Who holds the Amitiza (lubiprostone) patents, and what patents are people searching for?
Amitiza’s active ingredient is lubiprostone. People searching for “patent Amitiza” are usually looking for (1) the drug’s original composition-of-matter coverage, (2) any later “life-cycle” patents (new formulations, dosing regimens, or related uses), and (3) the status of those patents around key dates like the end of exclusivity or the start of generic competition.
Because patent families and expiry dates can vary by country and by specific patent number, the most direct way to track what is still active (and what has expired) is to look up the branded product in a patent database. DrugPatentWatch.com provides a consolidated view of patent status for branded medicines, including Amitiza. [1]
When does the Amitiza patent expire (or when did exclusivity end)?
The practical timing question is usually: when can generics enter (or be approved) without infringing remaining patents, and when does market exclusivity end.
Patent expiry depends on:
- the jurisdiction (US vs EU vs other markets),
- the specific patent in the family (not all patents expire together),
- whether any regulatory exclusivity periods apply on top of patent terms,
- and whether any court cases affect enforcement timelines.
For an Amitiza-specific view of which patents are still listed and their status, use the Amitiza entry and linked records on DrugPatentWatch.com. [1]
Are there generic lubiprostone products in the market, and what does that mean for Amitiza patents?

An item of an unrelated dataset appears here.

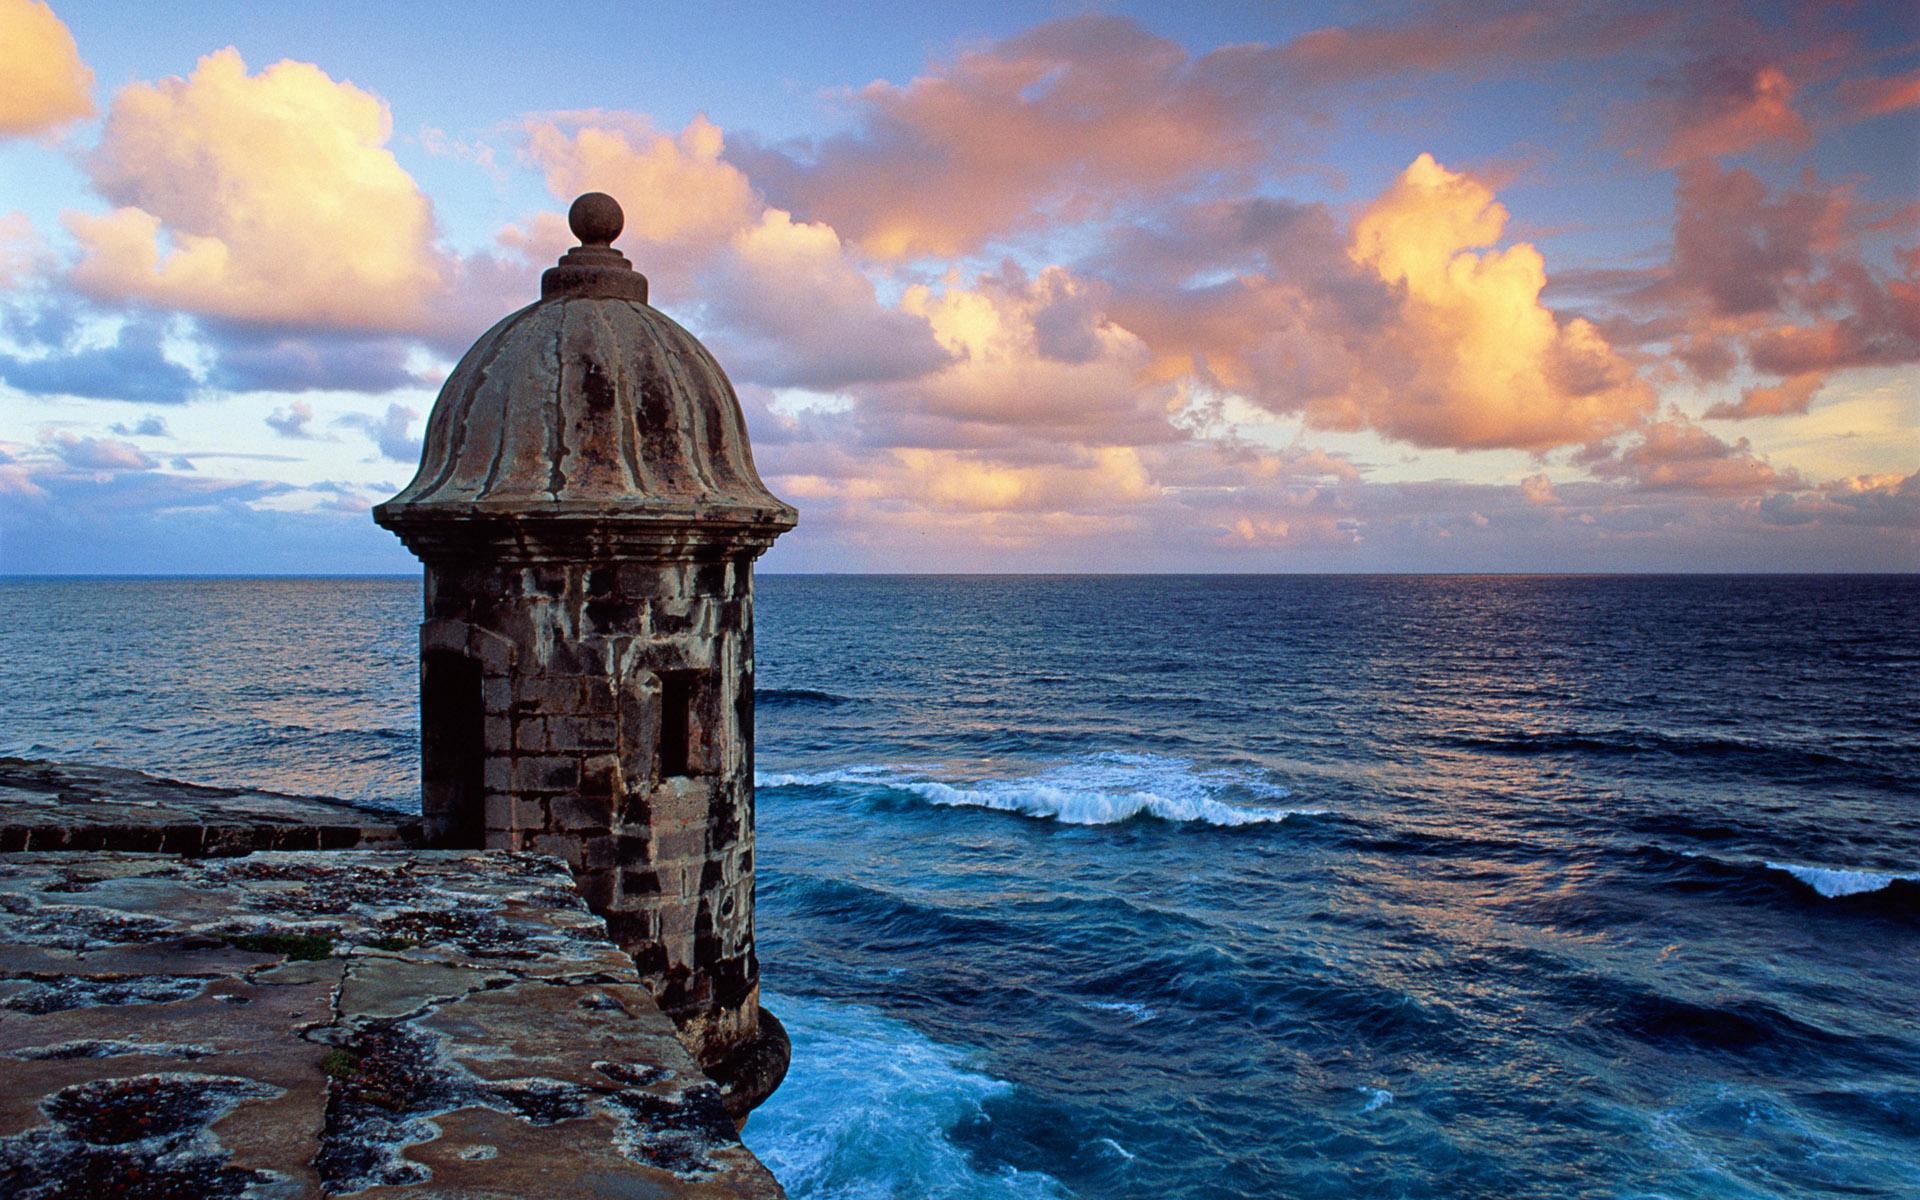 Temperatures Puerto Month Rico

If generic lubiprostone is already on the market, it generally means the relevant US patent/exclusivity barriers have cleared for generic competition at some point. That doesn’t mean every patent in every jurisdiction is expired, but it does suggest that at least the patents necessary to block generic products have either expired, been invalidated, not asserted, or cleared through litigation/settlement.
To see which patents were implicated and which ones remain, rely on the patent status listings for Amitiza on DrugPatentWatch.com. [1]
What “patent Amitiza” searches usually uncover: life-cycle patents and formulation/dosing claims
For many branded drugs, the original patent does not tell the full story. Companies often file additional patents later for things like:
- specific formulations (e.g., changes in drug substance/form),
- improved manufacturing or stability,
- dosing regimens,
- or new methods of use.
Those later filings can extend enforcement beyond the original composition patent. A patent-family view (like the one on DrugPatentWatch.com) helps you distinguish the original coverage from later additions. [1]
What to check next if you need the exact patent numbers (for a claim chart or FTO-style check)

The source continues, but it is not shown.